Spark读取HBase示例
Spark读取HBase需要理清HBase的配置,这里给出一个实际的示例。
Spark读取Hbase的时候要注意一次读取的记录数量,需要参考hbase机器的QPS和业务的并发使用情况来设置一次最多读取多少条合适,不然如果业务并发大很可能就会把Hbase集群搞崩溃。
import org.apache.hadoop.hbase.HBaseConfiguration
import org.apache.hadoop.hbase.client.{Get, HTable, Result}
import org.apache.hadoop.hbase.util.Bytes
import org.apache.spark.SparkContext
import org.apache.spark.rdd.RDD
import scala.collection.mutable
object HbaseRead {
val tblName = "sample_tbl_name"
val ZookeeperQuorum = "ss-11,ss-12,ss-13,ss-14,ss-15"

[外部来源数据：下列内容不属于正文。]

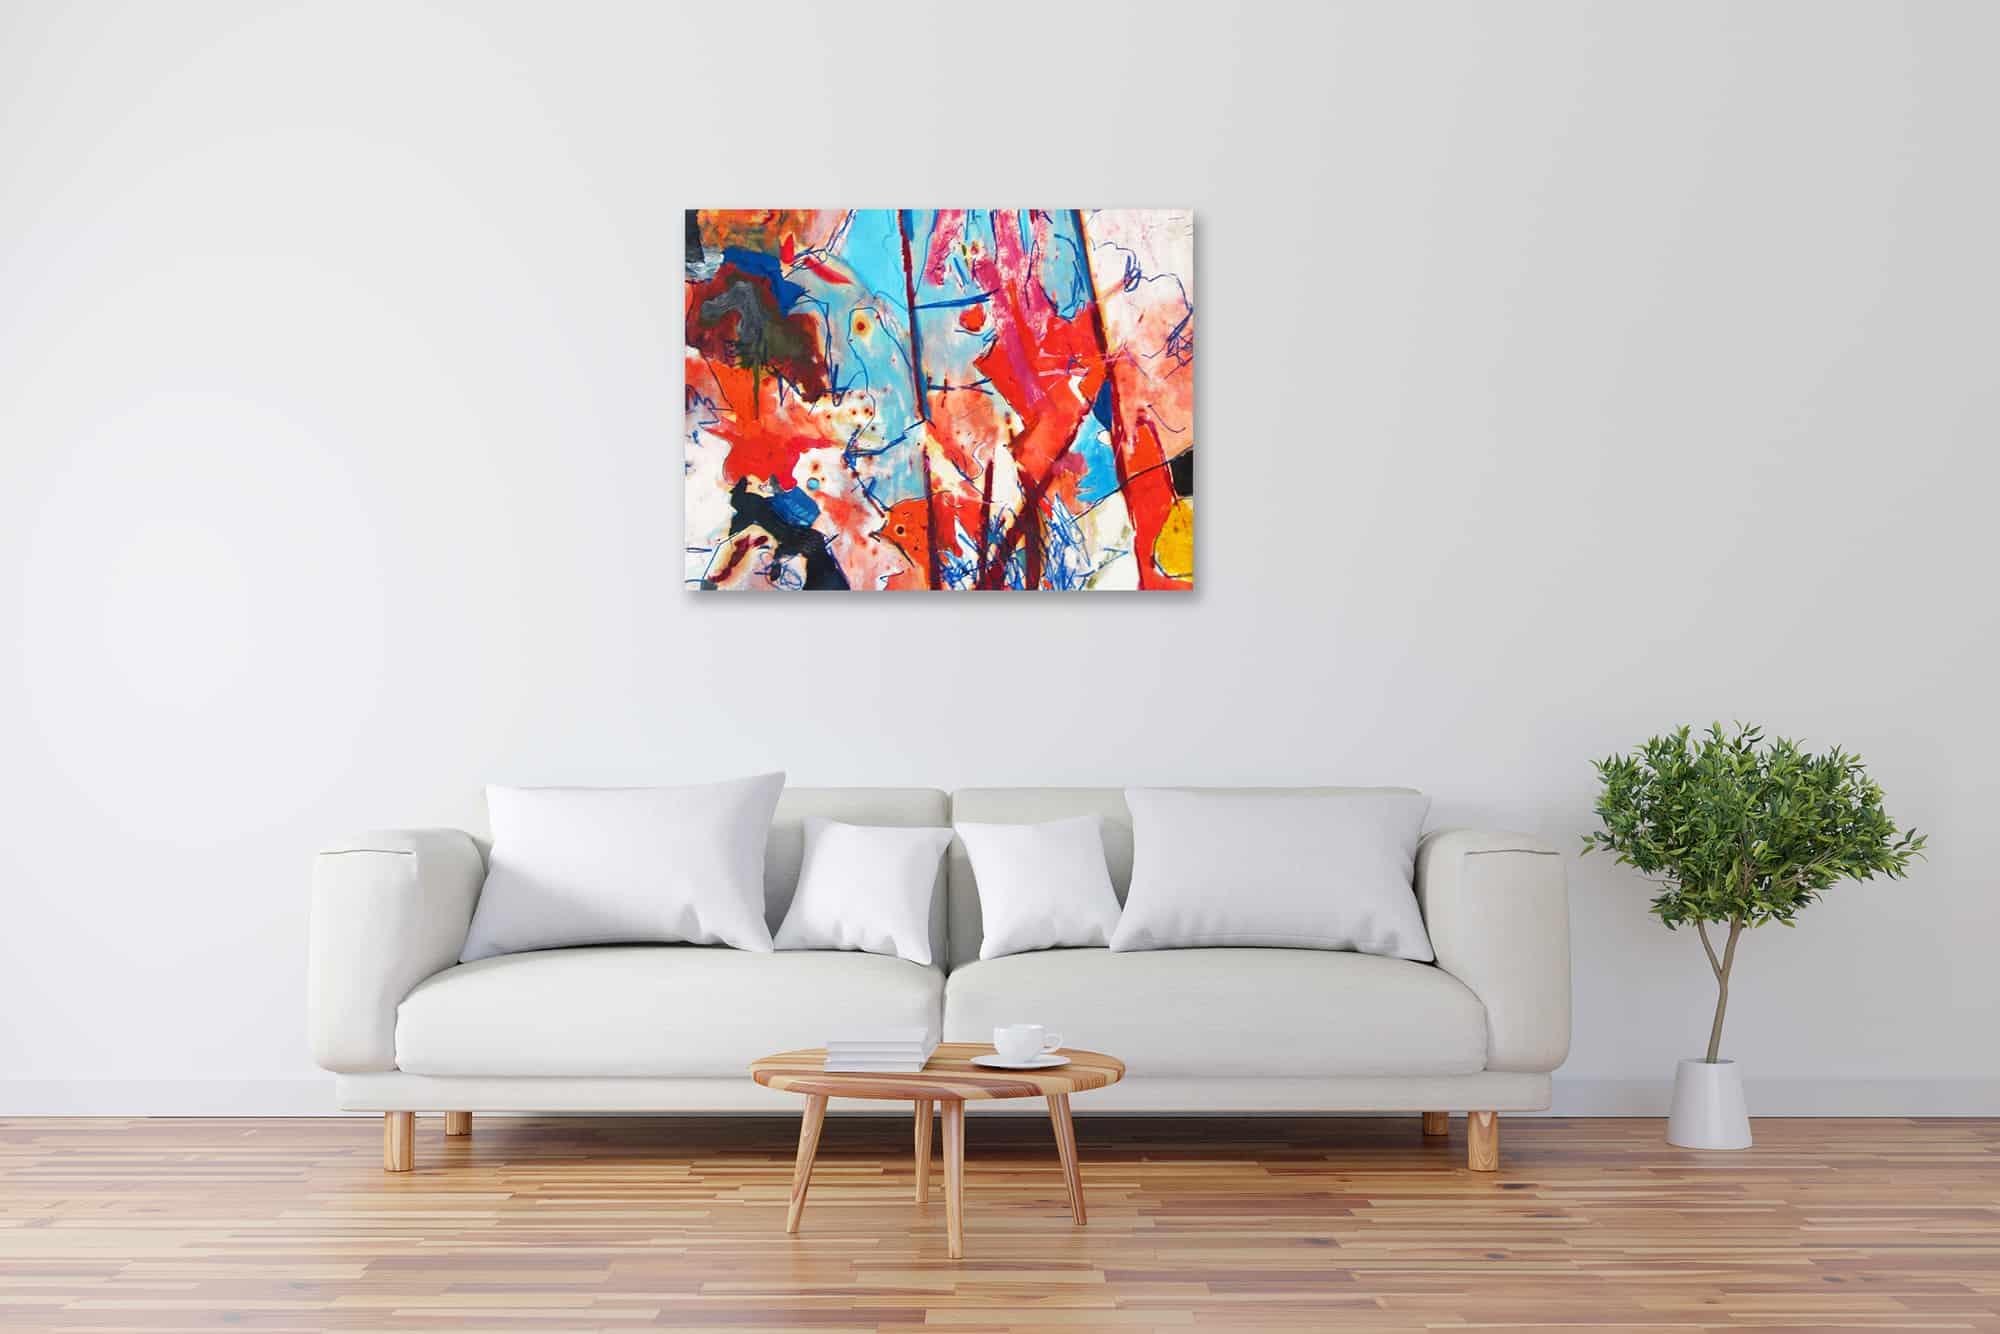 Modernes Kunstbild Acryl auf Leinwand Blau Rot künstler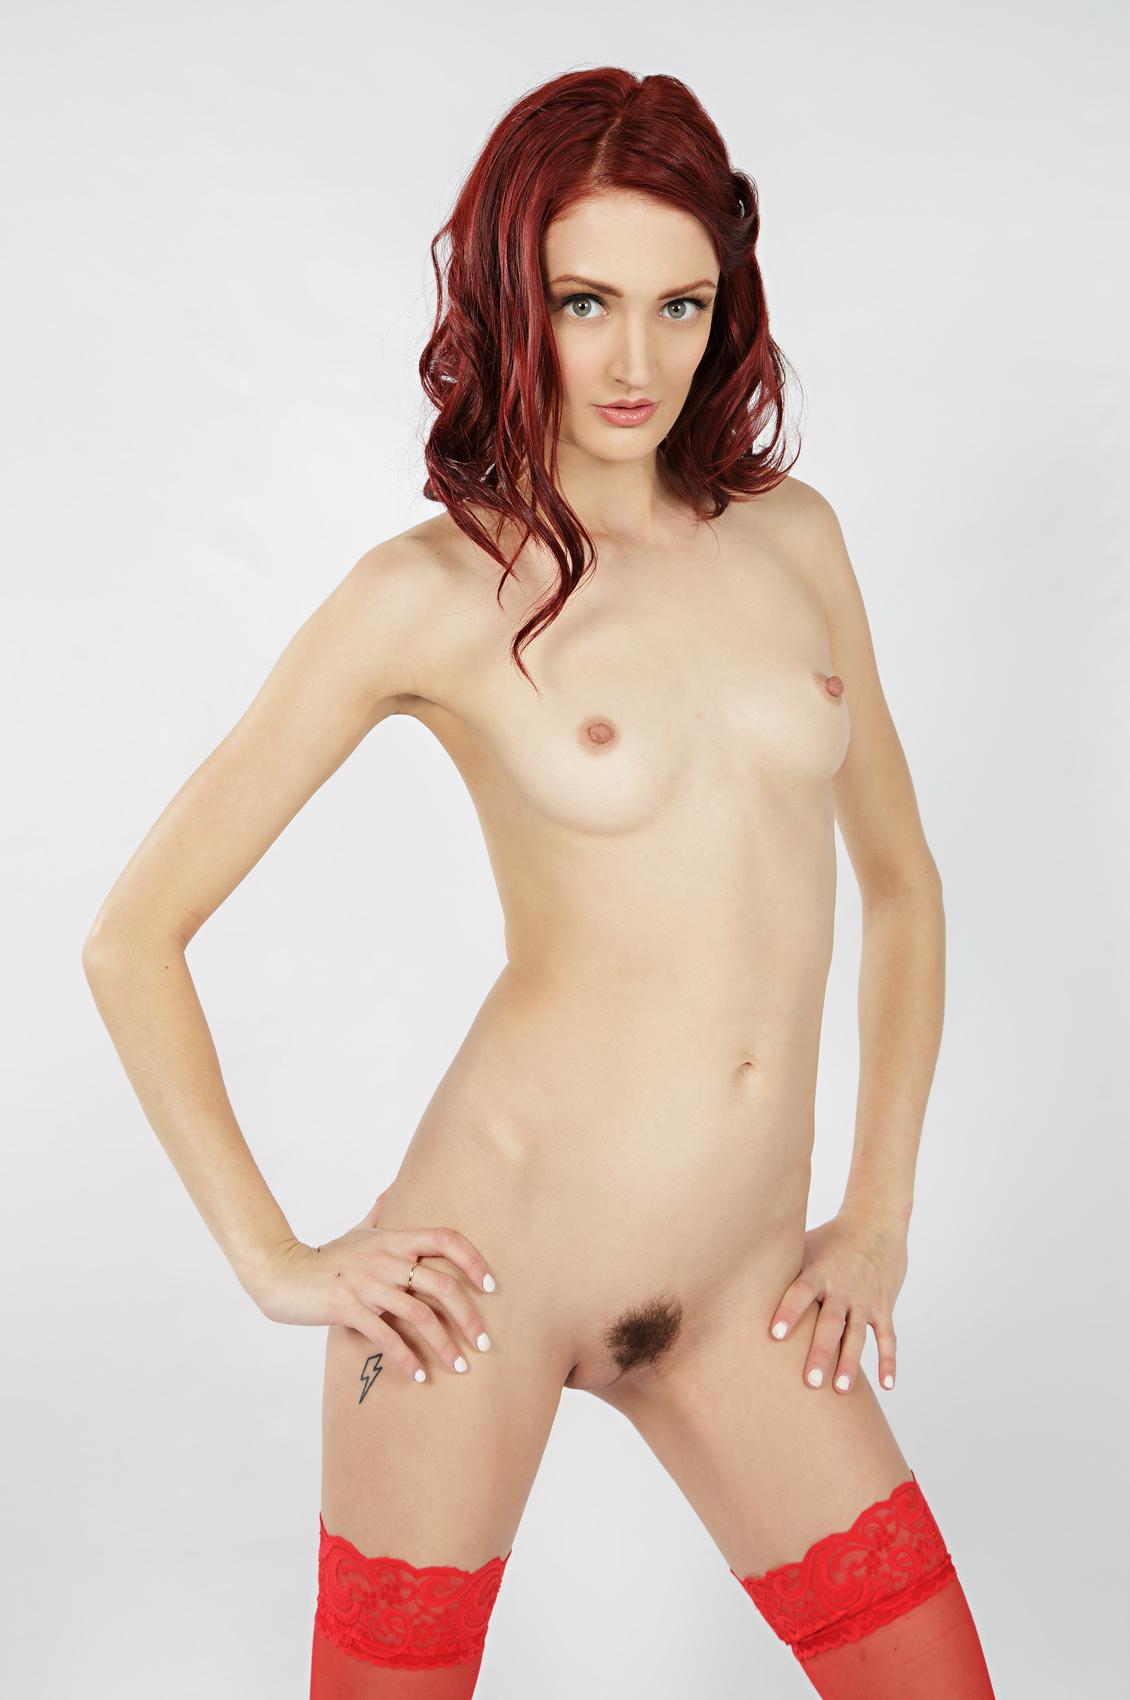 Andi Rye's VR Porn Videos, Bio & Free Nude Pics

val ZookeeperPropertyClientPort = "1234"
val zookeeperZnodeParent = "/hbase_data_parent"
val ClientRetriesNumber = "3"
val ClientIpcPoolSize = "3"
def readFromHbase(sc: SparkContext, keys: RDD[String], hbaseBatchNum: Int): RDD[(String, String, String)] = {
val hbaseBatchNumBc = sc.broadcast(hbaseBatchNum)
val hbaseTblNameBc = sc.broadcast(hbaseTblName) // 这里不广播的话就会出现 new HTable(conf, tblname)读不到表名
val resultRDD = keys.mapPartitions { partition => {
val conf = HBaseConfiguration.create()
conf.set("hbase.zookeeper.quorum", ZookeeperQuorum)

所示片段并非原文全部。